EXERCISE DIRECTIONS: A full, word-for-word copy of the listing below is needed; leave the images out of it.

EXCERPTED RECORDS:
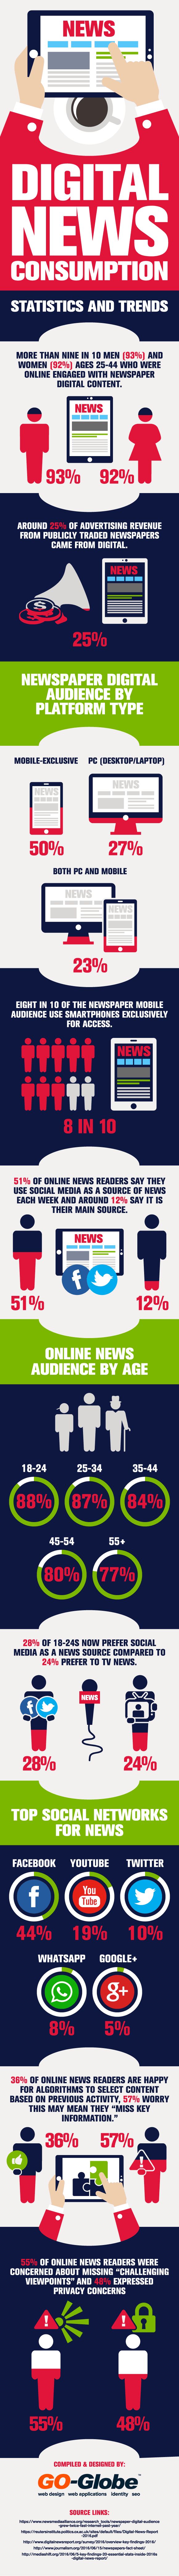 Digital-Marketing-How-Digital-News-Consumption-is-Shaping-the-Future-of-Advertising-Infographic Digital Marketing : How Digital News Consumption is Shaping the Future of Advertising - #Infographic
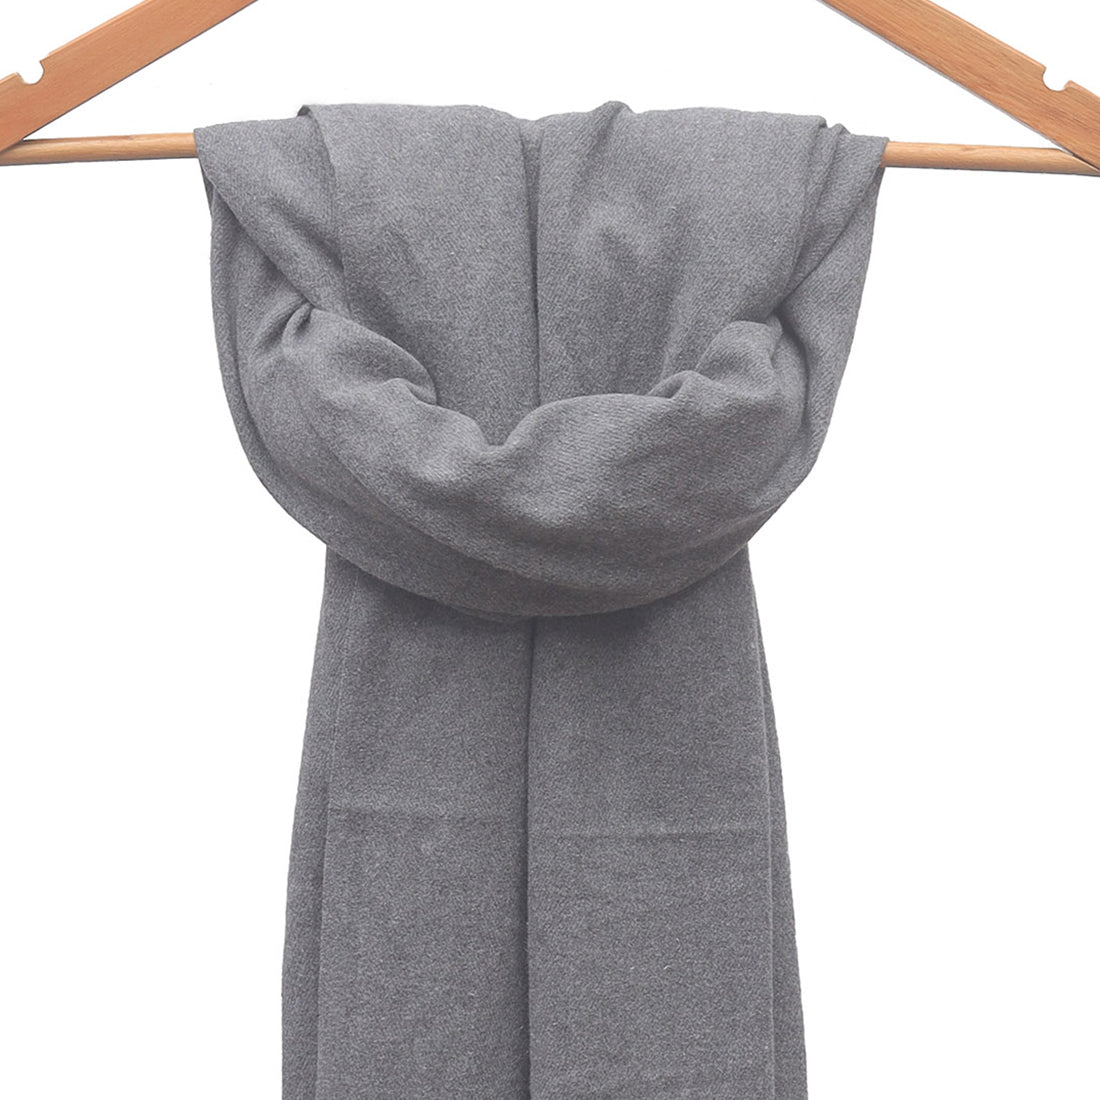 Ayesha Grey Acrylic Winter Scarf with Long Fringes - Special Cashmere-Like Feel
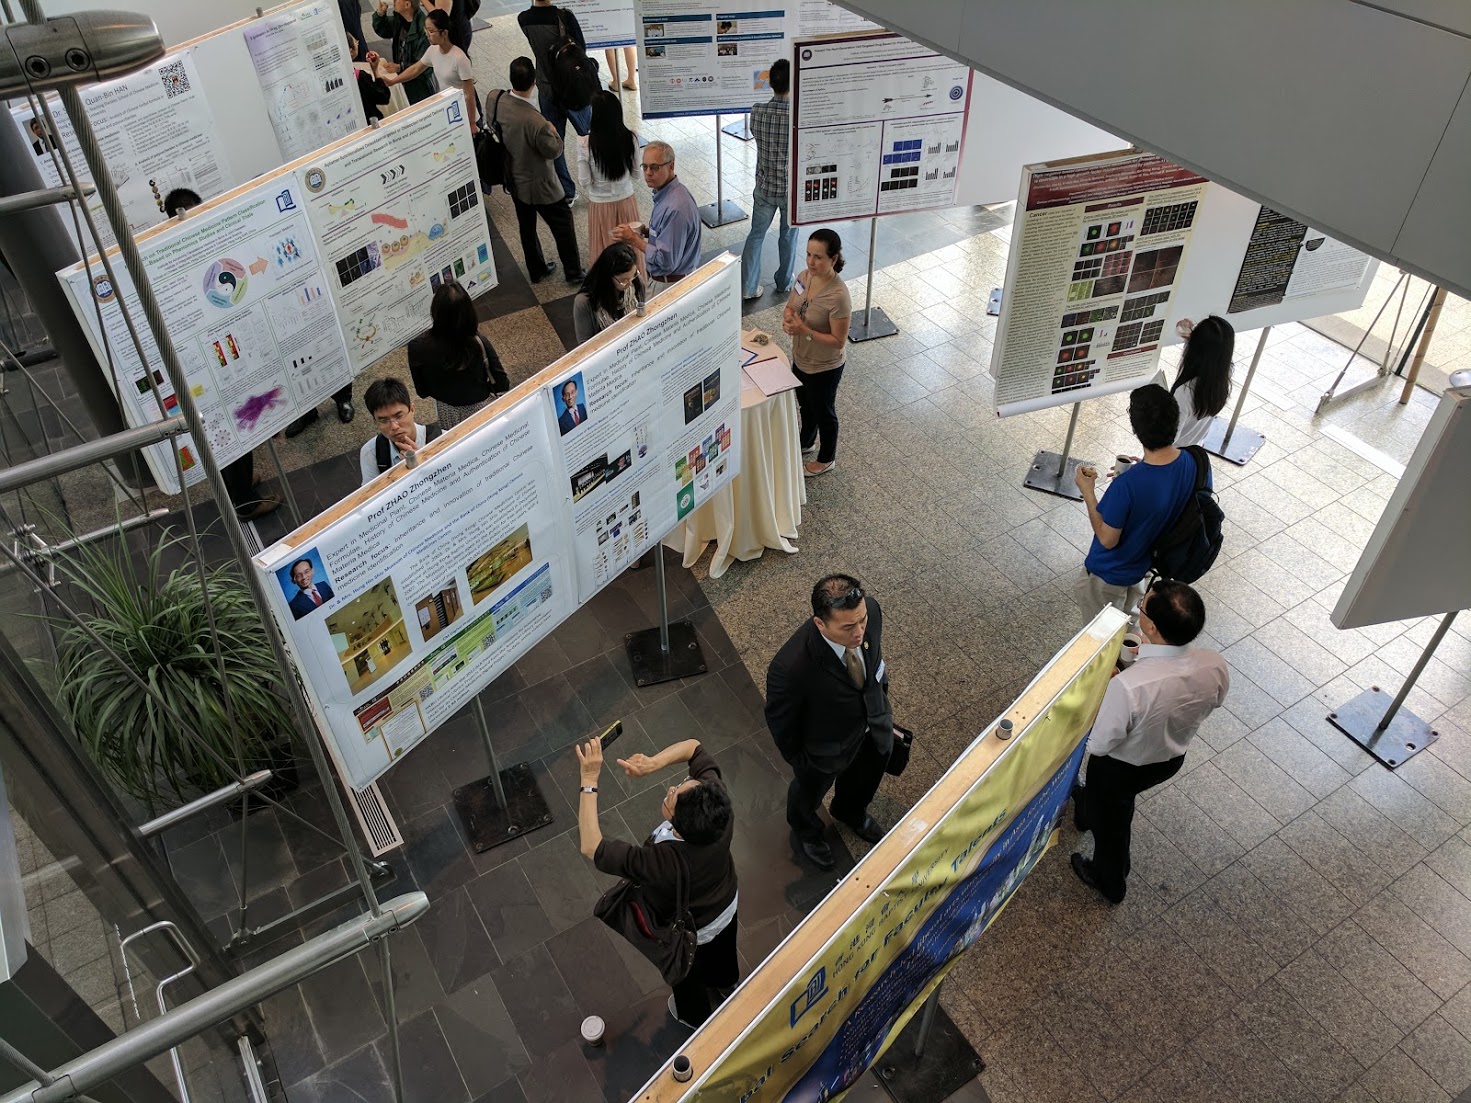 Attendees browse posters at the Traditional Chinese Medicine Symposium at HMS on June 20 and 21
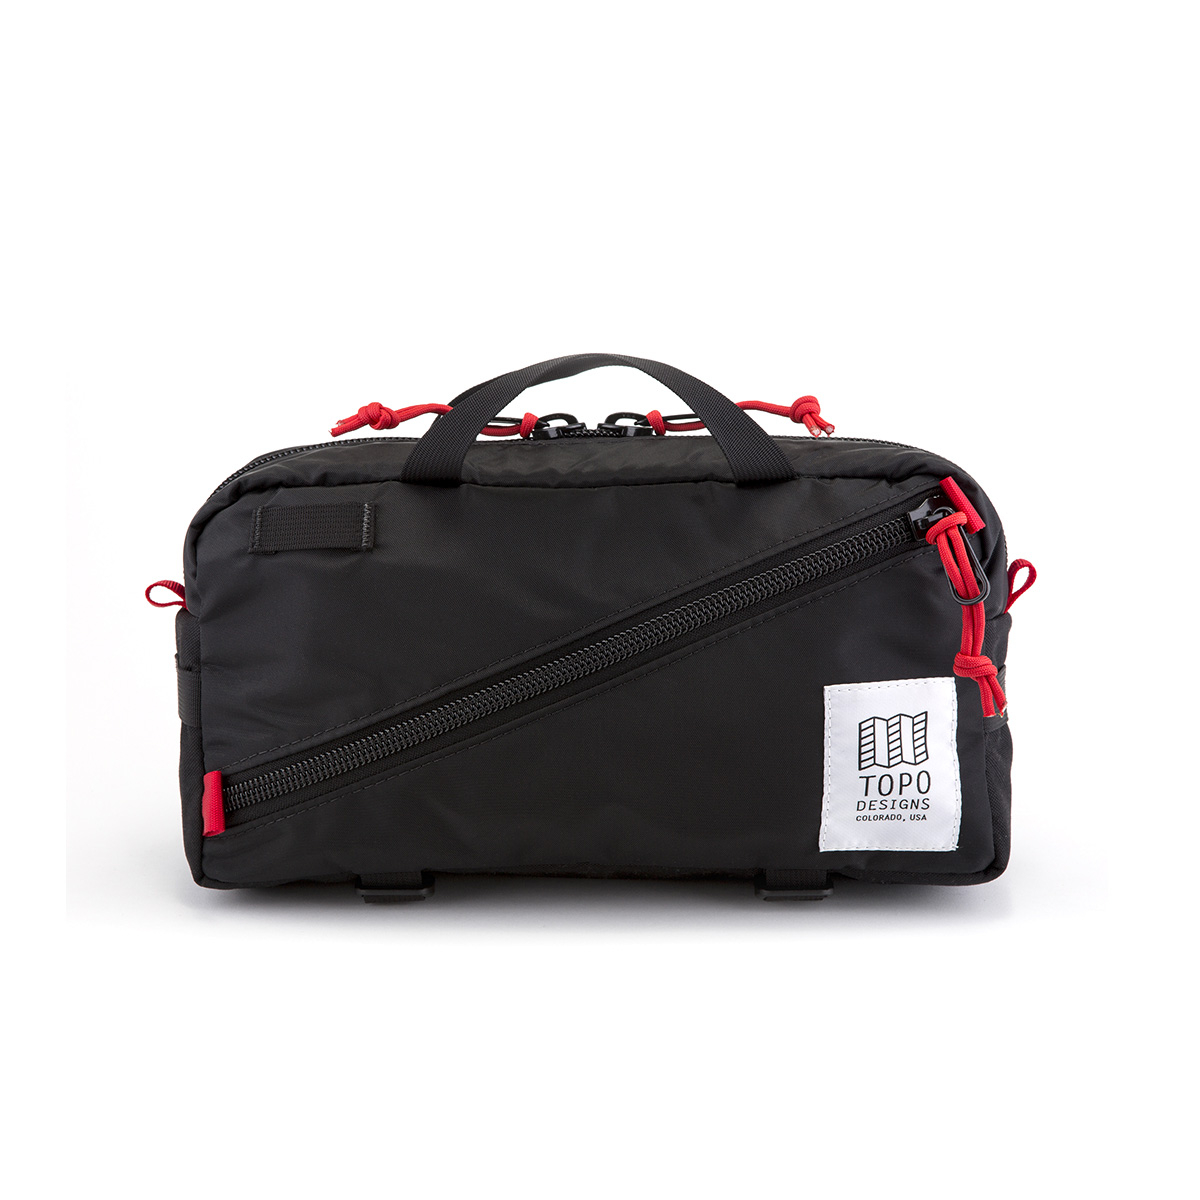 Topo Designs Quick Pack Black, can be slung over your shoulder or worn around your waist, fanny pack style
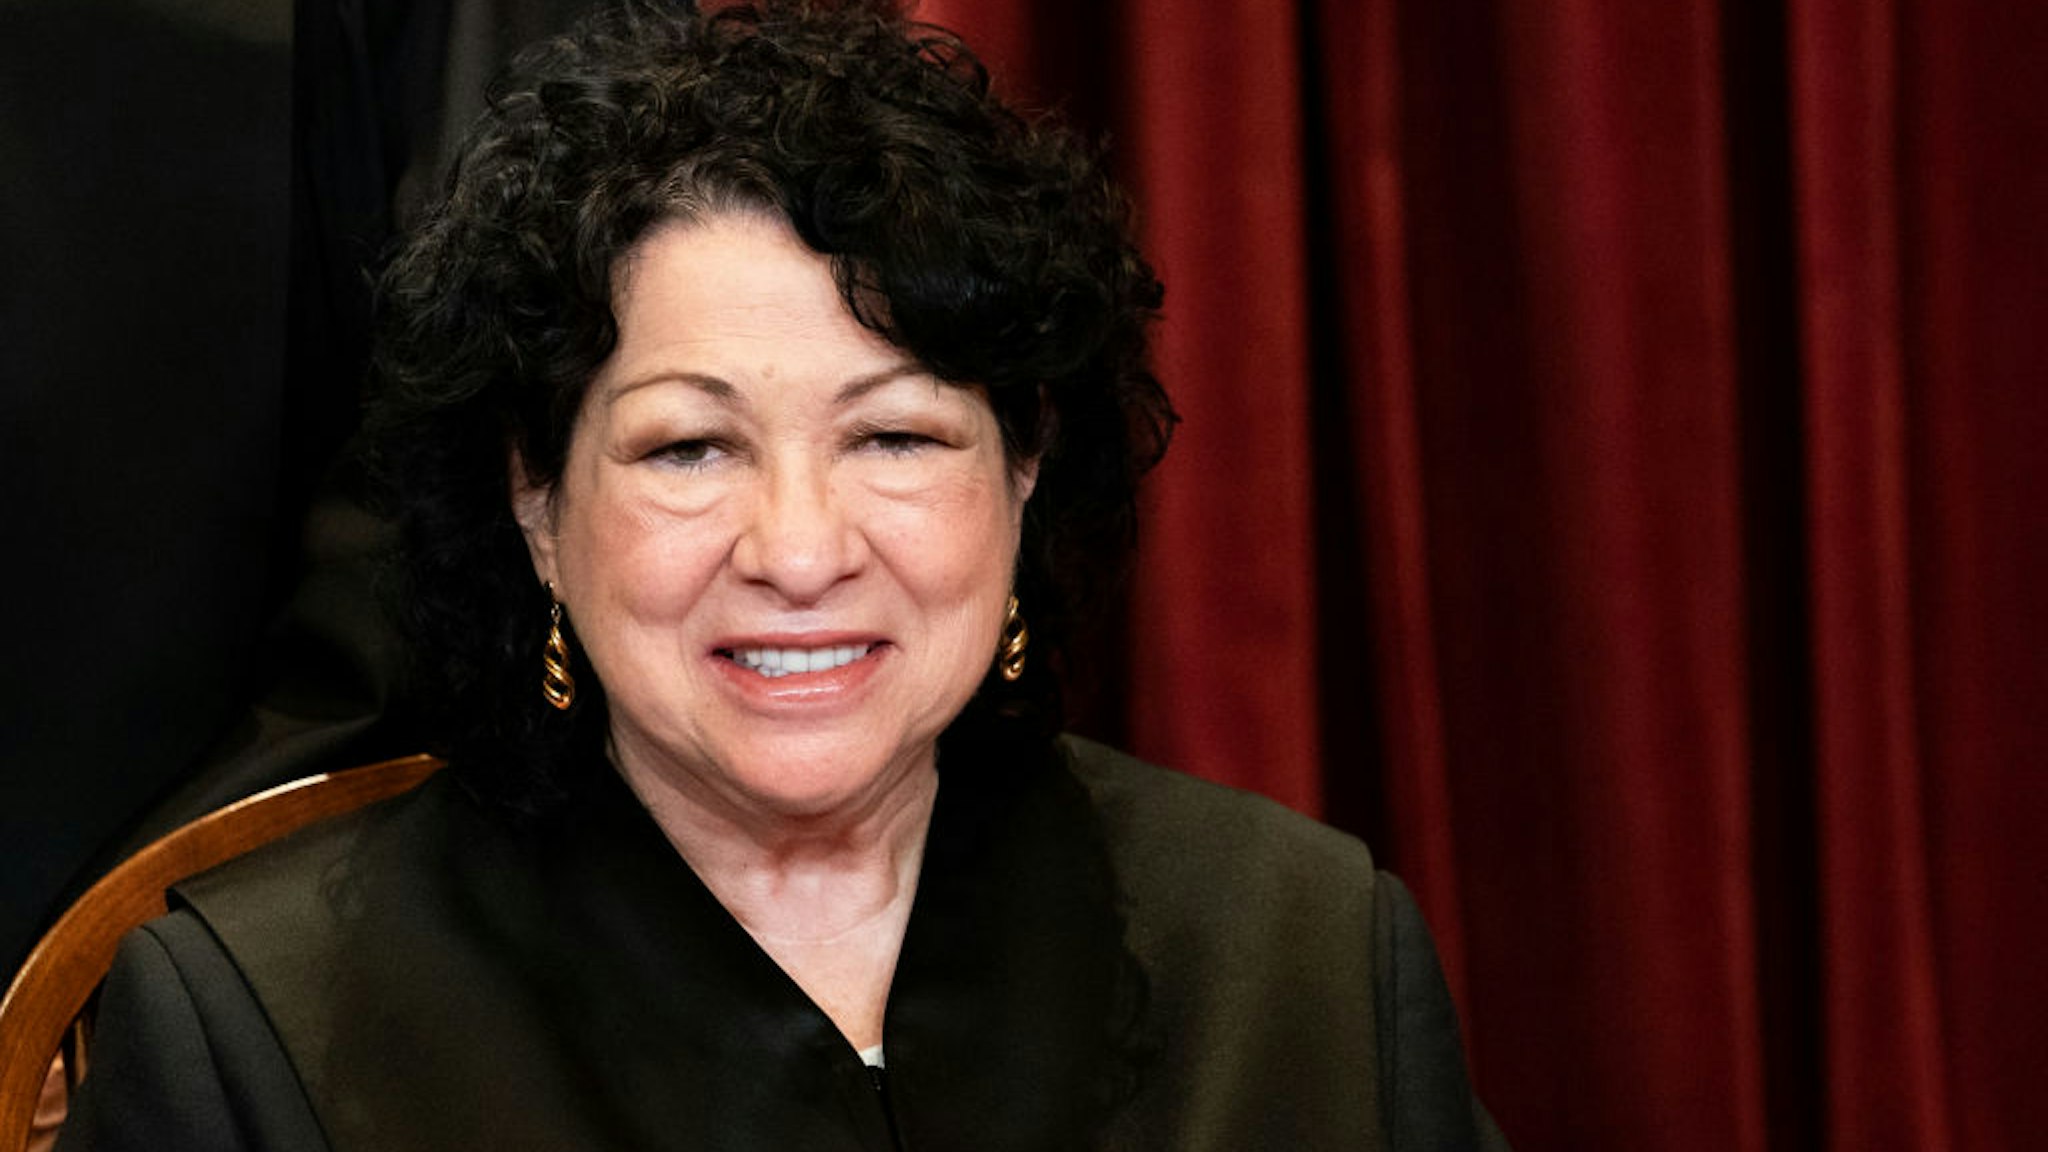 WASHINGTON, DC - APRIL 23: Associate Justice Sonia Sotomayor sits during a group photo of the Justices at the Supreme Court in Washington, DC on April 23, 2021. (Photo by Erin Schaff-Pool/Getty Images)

RESPONSE TO THE EXERCISE:
 Digital-Marketing-How-Digital-News-Consumption-is-Shaping-the-Future-of-Advertising-Infographic Digital Marketing : How Digital News Consumption is Shaping the Future of Advertising - #Infographic
 Ayesha Grey Acrylic Winter Scarf with Long Fringes - Special Cashmere-Like Feel
 Attendees browse posters at the Traditional Chinese Medicine Symposium at HMS on June 20 and 21
 Topo Designs Quick Pack Black, can be slung over your shoulder or worn around your waist, fanny pack style
 WASHINGTON, DC - APRIL 23: Associate Justice Sonia Sotomayor sits during a group photo of the Justices at the Supreme Court in Washington, DC on April 23, 2021. (Photo by Erin Schaff-Pool/Getty Images)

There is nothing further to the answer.